### What the task requires
The answer should hold only the lines from the one containing "Mit Additiver Fertigung" through the one containing "Modré sluneční brýle" in the entries below, copied exactly, without pictures.

### Given records
****

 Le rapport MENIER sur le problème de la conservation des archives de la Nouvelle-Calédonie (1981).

****

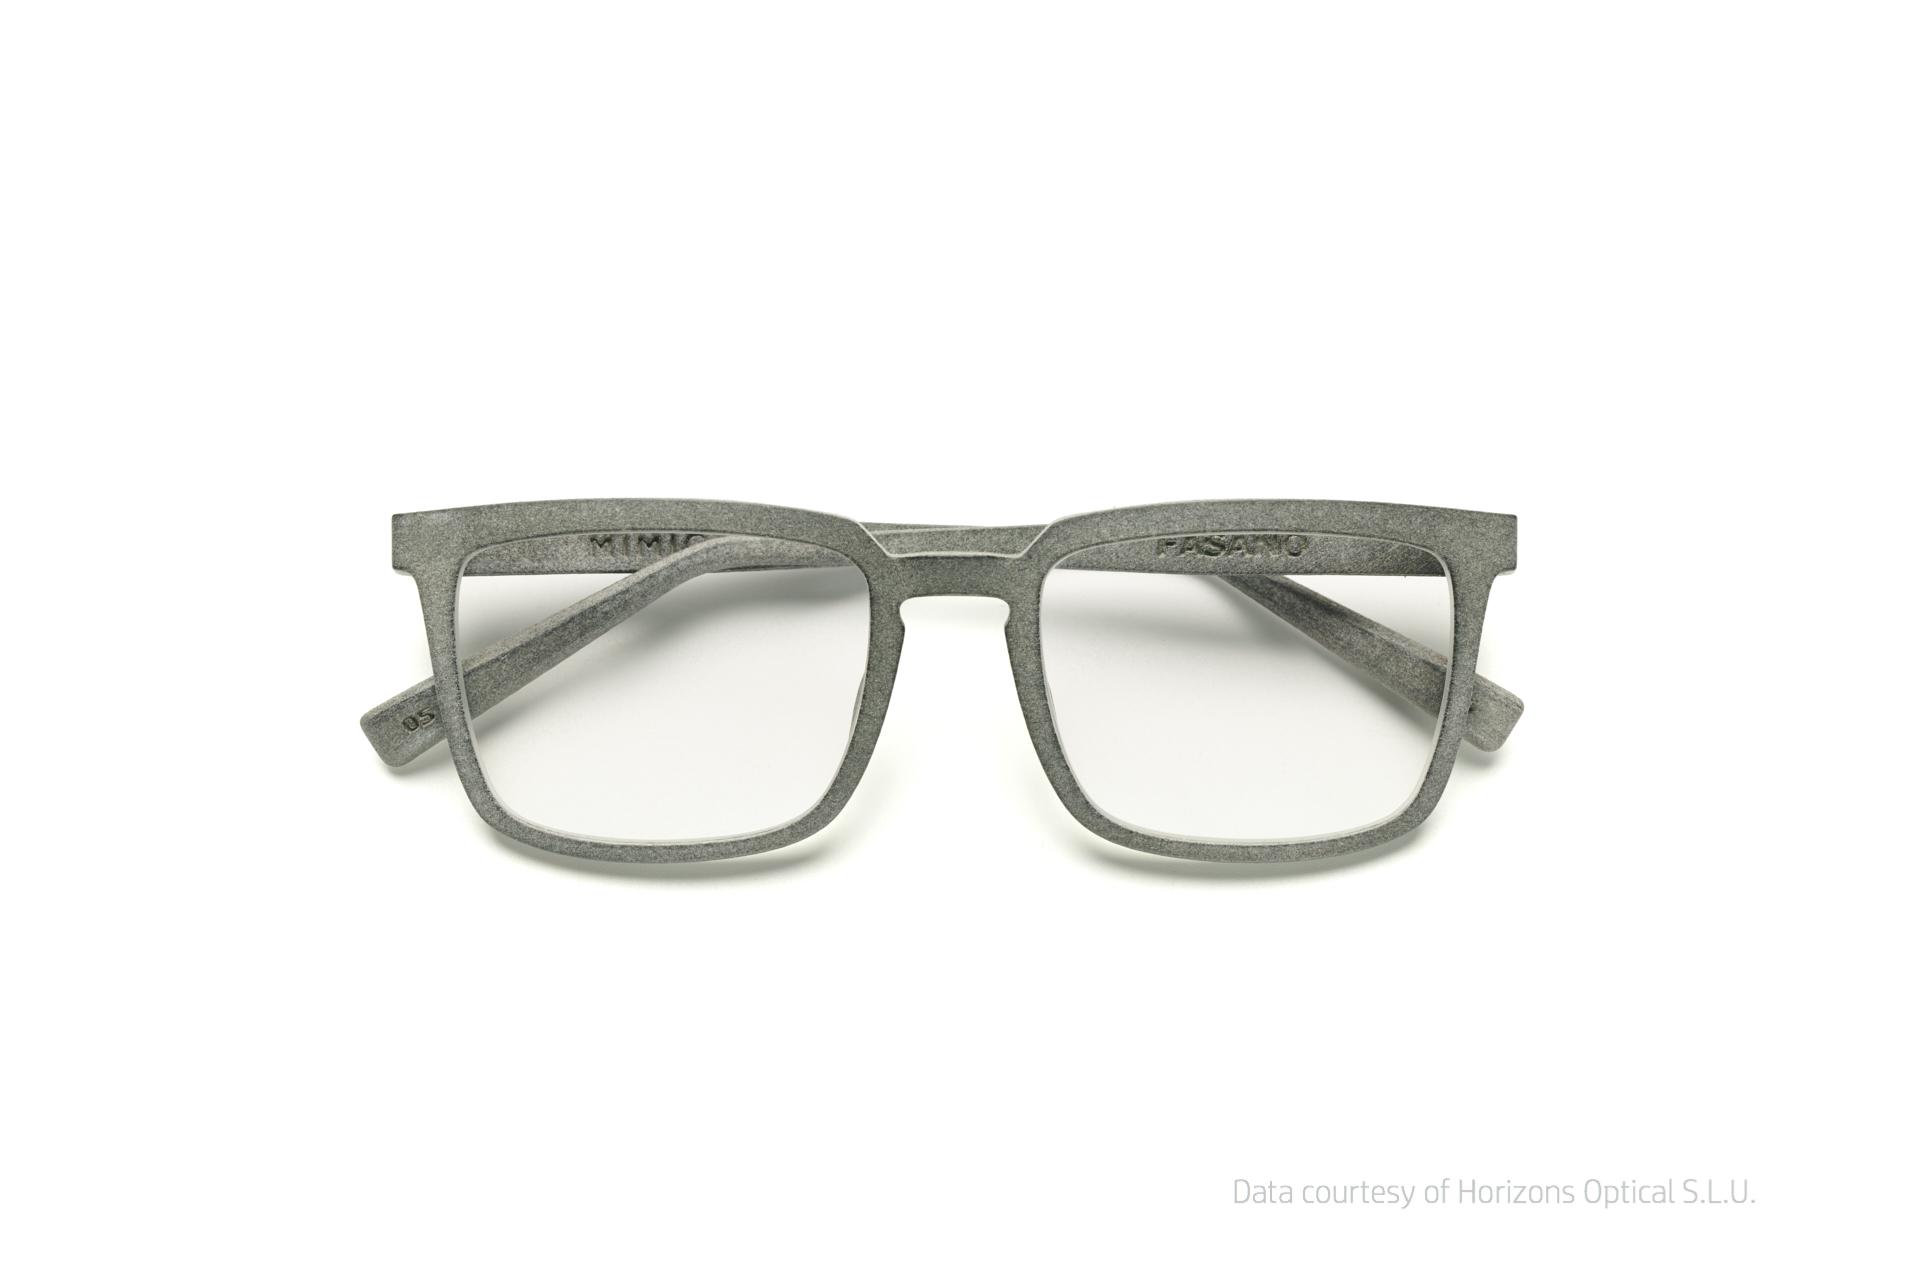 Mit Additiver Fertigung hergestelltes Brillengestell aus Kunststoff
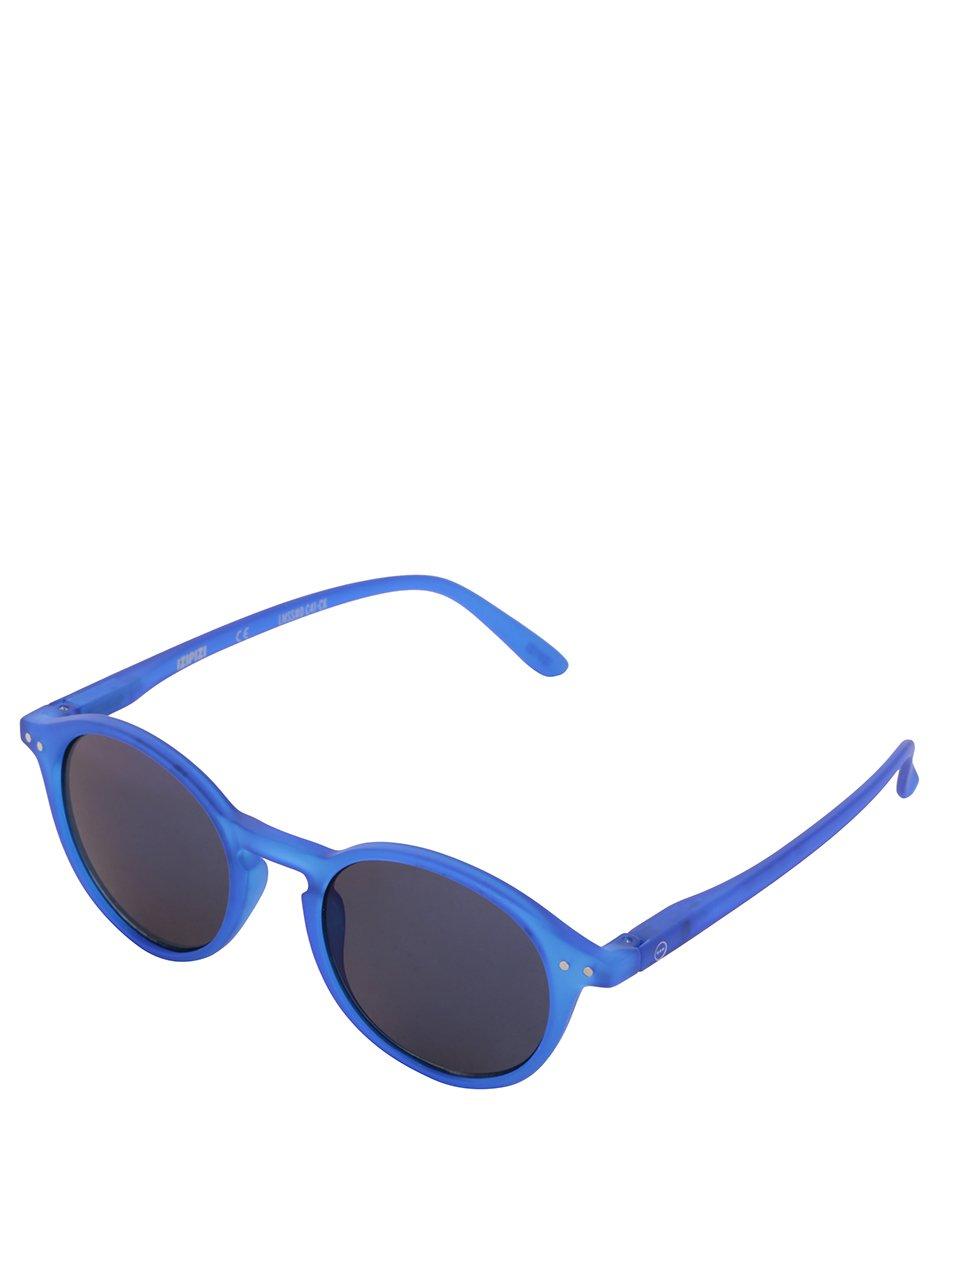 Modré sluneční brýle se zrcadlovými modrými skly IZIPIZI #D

****

### Output below
 Mit Additiver Fertigung hergestelltes Brillengestell aus Kunststoff
 Modré sluneční brýle se zrcadlovými modrými skly IZIPIZI #D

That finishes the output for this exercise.